A View Fit for Zeus: Lykavittos Hill, Athens

When standing in the middle of the Plaka in Athens, surrounded by swarms of noisy tourists and overly excited hosts telling you to eat in their garden, it’s hard to imagine anywhere in this city where there is calm and food simultaneously.

This may in fact be true, with the exception of one of Athens’ oldest and highest sites: Lykavittos Hill. The hill is the highest peak in Athens, standing around 900 feet above sea level, and is home to the Lykavittos amphitheater, the chapel of St. George, and a newly renovated café and ouzery.

The experience that is Lykavittos begins with the journey there. I still remember my first time making the trek; I was 11 and my father had made us walk uphill for what felt like miles, keeping us moving with the fateful words ‘just a bit further…’ We finally made our destination and it was lackluster: a cable car station with a shaft that seemed to disappear into the rock. We all boarded and the car began to move into the darkness at a very steep incline.

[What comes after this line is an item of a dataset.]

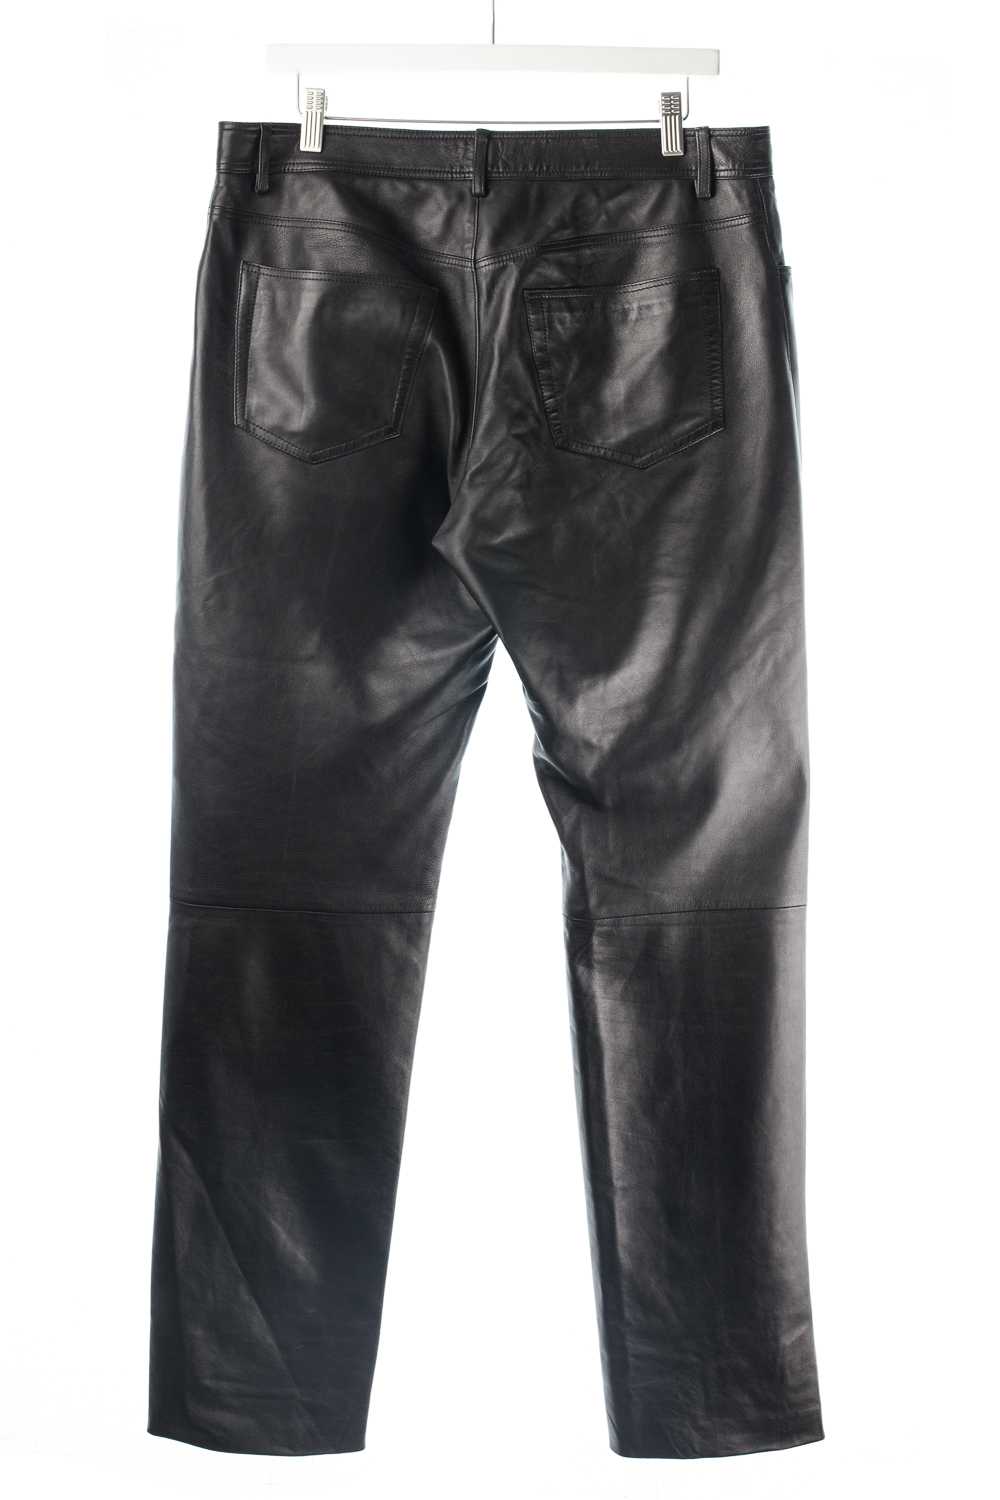 FW03 Calf Leather Pants - image 2

At the top we got out and exited the tunnel, immediately bombarded with the brilliant Greek sunlight. Once our eyes adjusted, I could see why he had been excited… a 360-degree view of Athens: a dense sea of buildings stretching from the surrounding mountains all the way to the shining Aegean. Off in the distance was a magnificent view of the Acropolis, rising up like an ancient island in the seas of urban sprawl. He saw the look on my face and said, “You see? Not bad, eh??

I returned this past summer and the hill has changed, but only for the better; a feat that I would’ve previously thought was impossible. (For one, the station has had a spotless modern renovation and now has its own gift shop!)

At the top of the hill is the Chapel of St. George, which is a wonder unto itself. Outside there is a small observation deck with white washed stone and telescopes to get a better look at the breath taking view of the city. True to the character of Athens, there was also a nice Greek man with a stand who sells everything you might need at St. George’s from worry beads to a cold bottle of water (that, for the top of a mountain, actually isn’t badly priced) and post cards that you can later use to make your friends jealous.

The inside is the typical Greek Chapel; everything from the walls, to the pictures, to the water goblets is beautifully ornate and maintained perfectly. Although the top of the hill is calm and relatively quiet, a hush still falls over you as you enter the chapel. The cool air and magnitude of the ornamentation around you induce a spiritualism that transcends religion and forces you to just appreciate the wonders all around us.

When you have used the remainder of your memory card of your digital camera and may need a sit down from the climb to the top, venture down to Horizontes, the swanky restaurant/ café below. Newly renovated, the atmosphere is hip, relaxed and out of this world (which is to be expected for a café that sits high above the world.) The food and drinks are unquestionably a bit pricy, but in this case you are buying more than a meal you are buying an experience. Where else can you sit and sip ouzo and see Athens how the Gods must have done?